By Peter Smith / Pittsburgh Post-Gazette
Some wore native Mexican costumes embroidered with flowers and other decorations, while others came in workclothes or in the native attire of their adopted home — Steelers jerseys.
Several hundred people packed St. Paul Cathedral Thursday evening for a Spanish-language Roman Catholic Mass in honor of Our Lady of Guadalupe, patroness of the Americas. They paid tribute to their belief in an appearance of the Virgin Mary in Mexico in 1531 to an indigenous peasant, St. Juan Diego.
The day is a central holiday for Mexicans and many other Latin Americans.

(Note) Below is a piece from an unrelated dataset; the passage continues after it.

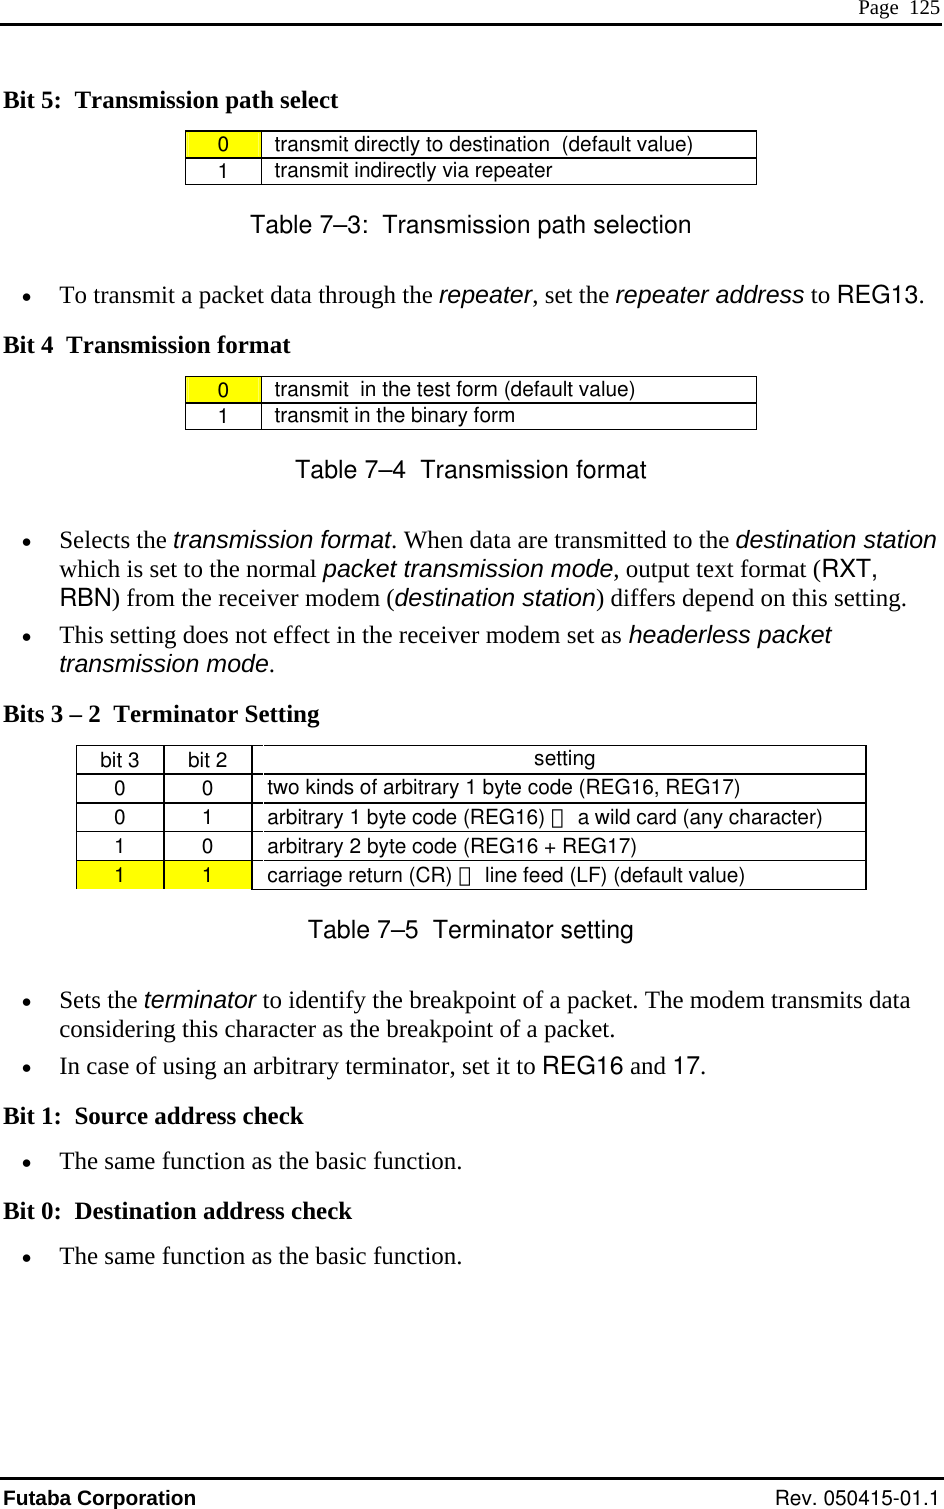  Page  125 Bit 5:  Transmission path select 0   transmit directly to destination  (default value) 1   transmit indirectly via repeater Table 7–3:  Transmission path selection •   to REG13.  Bit 4  Transmission formatTo transmit a packet data through the repeater, set the repeater address 0   transmit  in the test form (default value) 1   transmit in the binary form T•  Se cts th n format. When data are transmitted to the destination station xt format (RXT, RBN) fro  modem (destination station) differs depend on this setting. •  This setting does not effect in the receiver modem set as headerless packet transmission mode. Bits 3 – 2  Terminator Setting able 7–4  Transmission format le e transmissiowhich is set to the normal packet transmission mode, output tem the receiverbit 3  bit 2   setting 0  0   two kinds of arbitrary 1 byte code (REG16, REG17) 0  1   arbitrary 1 byte code (REG16) ＋ a wild card (any character) 1  0   arbitrary 2 byte code (REG16 + REG17) 1  1   carriage return (CR) ＋ line feed (LF) (default value) Table 7–5  Terminator setting •  Sets the terminator to identify the breakpoint of a packet. The modem transmits data considering this character as the breakpoint of a packet. •  In case of using an arbitrary terminator, set it to REG16 and 17.  Bit 1:  Source address check •  The same function as the basic function.  Bit 0:  Destination address check •  The same function as the basic function.    Futaba Corporation Rev. 050415-01.1

The festive Mass came complete with mariachi musicians and a procession of the statue of the Virgin. Afterward, many worshippers brought flowers and other offerings to place by the statue, which was adorned with roses and surrounded with decorative electric lights and the flags of Latin American nations. Many immigrants from throughout Latin America came to the Mass, as well as many American-born Catholics.
“We come all together,” said Ruben Ruiz of Pittsburgh after the Mass, as he helped serve Mexican-style food at a reception in the cathedral’s social hall. “This feast is for everybody.”
Bishop David Zubik presided at the Mass, preaching first in Spanish, reading deliberately from a text, and then in English. Mr. Ruiz said such efforts, part of the diocese’s larger outreach to its Spanish constituency, were encouraging. “We feel more at home,” said Mr. Ruiz, a native of Mexico.
The service was coordinated by parishes in the diocese that offer Spanish-language Masses, including nearby St. Regis.
The echoes of chattering and cooing of children mingled with that of the musicians and readers — and were also an echo of the infusion of youth that the immigrant families are bringing.
“They are going to be the future” of the church, said Jackie Martinez of the North Hills, who is originally from El Salvador.